Степан, обхватив колени руками, увещевал Сеньчу с печальной ухмылкой:

— Эх, головушка! Сам же баешь, что на вас, горстку людскую, чисто как войной пошли. Кто же силь-нее-то? Мы аль они? Дворяне, купцы, попы…

— Нет, народушко сильнее… Чай, народушка тыщи тыщ, а лиходеев сотнями сочтешь…

Вмешался Марей. Запавшими глазами он строго глядел на Сеньчу.

— Тыща тыщ… Можа, ишо более народушка-то работного да хрестьянского… А токмо, видно, дороги себе ишо не знат…

Сеньча, бегая топочущим шагом, впивался острым взглядом в серые, впалые лица.

— У нас чо… дороги не было? Работы не ладили?

Степан усмехнулся.

— А жить умели, скажешь? Лад, скажешь, был крепкой? По прутику кажной тянул… Жить не умели… Сам говорил, как рудничны ребята ушли…

Сеньча хмурился.

— Плохо мы для себя старалися…

— Не в себе дело. Мало нас… Не-ет, верно, Мареюшко… Вот когда тучей пойдет народушко…

Сеньча вздрагивал плечами.

— Когда ишо будет? А мы вот погибай…

Марей взглянул на подслеповатое окно с решеткой под самым потолком и расправил морщины на лбу.

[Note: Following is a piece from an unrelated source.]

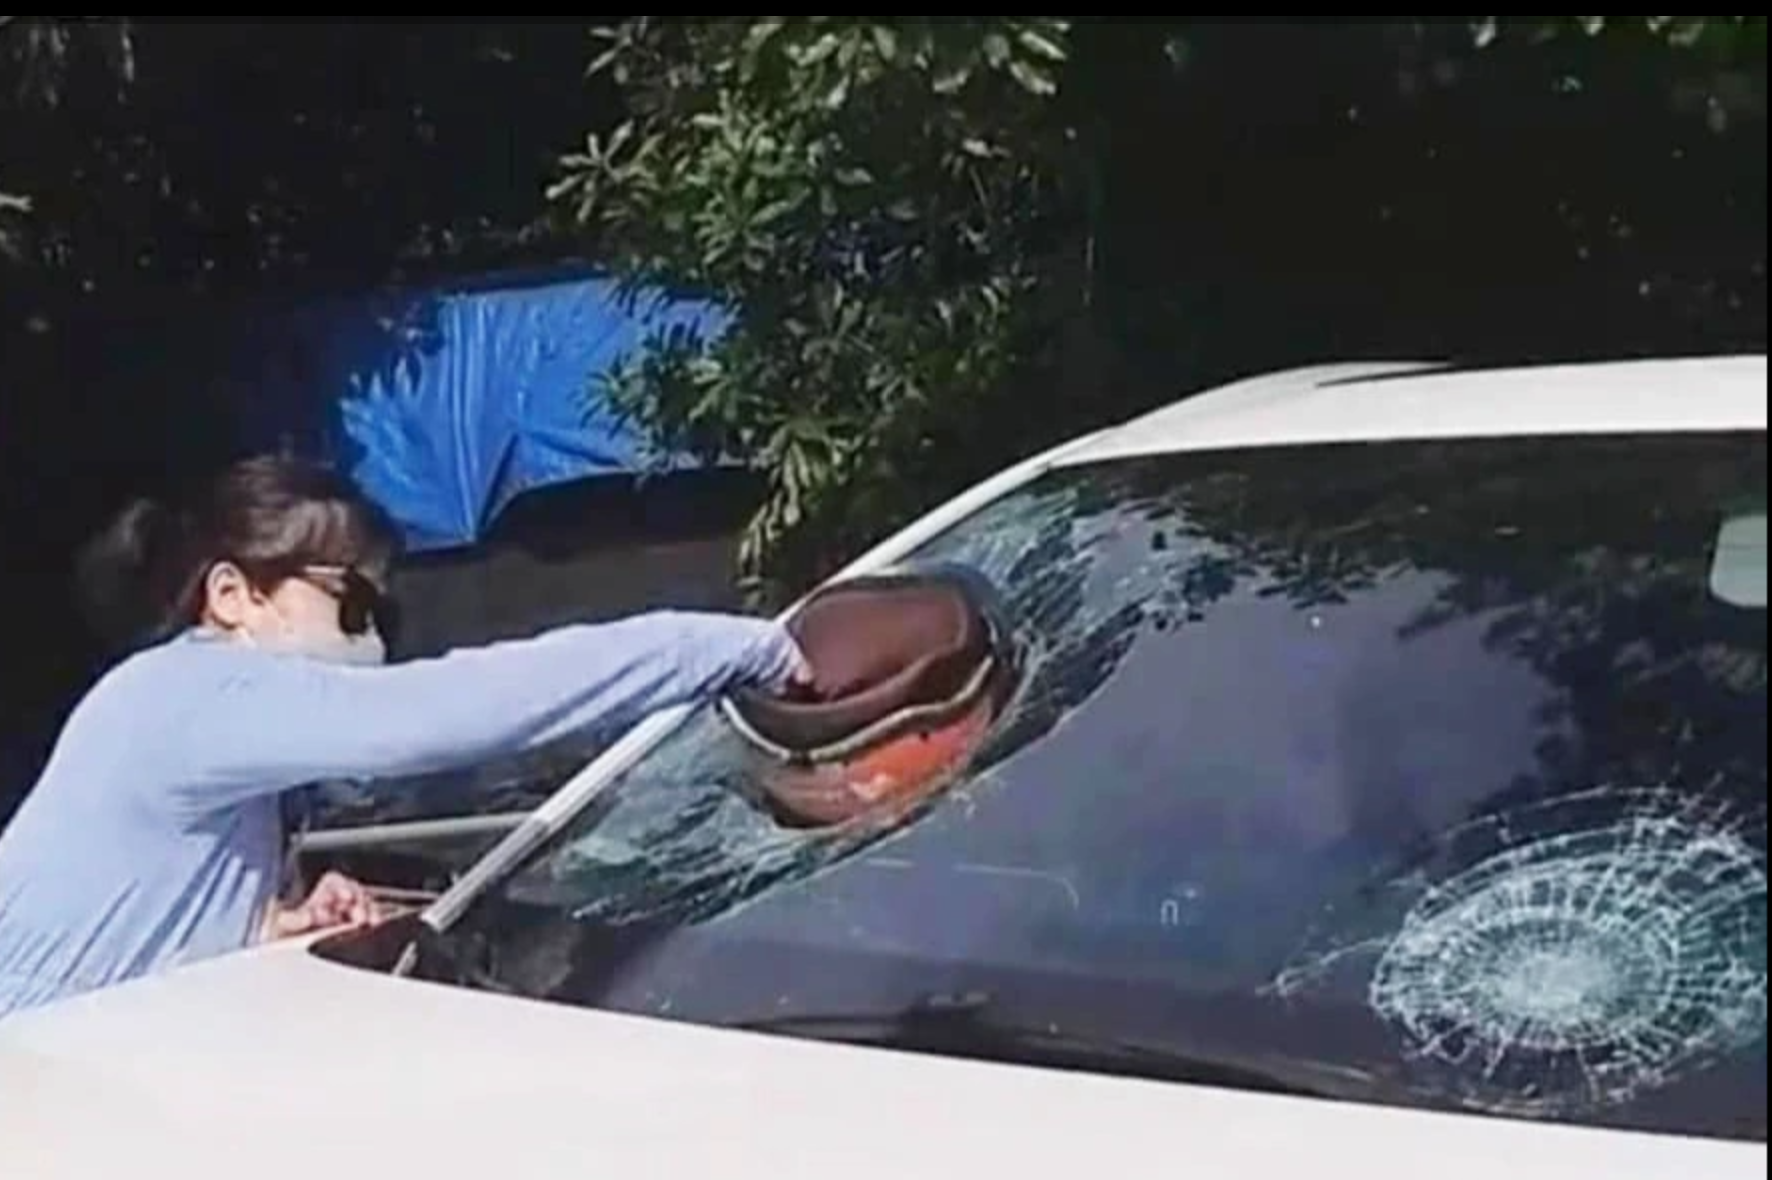  Hình ảnh người phụ nữ dùng mũ bảo hiểm đập vào kính xe ô tô nghi đánh ghen (Ảnh: Hoàng Bảo).

— А я вот, парень, когда малым был, помню: учил меня тятька запрягать. А у малого в башке, известно, дурь ребячья: то хомут криво, то дуга, то шлея не ладно… И бил меня за то отец: так изладь, так подтяни… Ну, поболели на мне шишки вдосталь, зато научился…

Степан подхватил:

— А сколько нас таких, что заместо шишек сгодятся. Мы не зря пропадаем, за товарищей терпим…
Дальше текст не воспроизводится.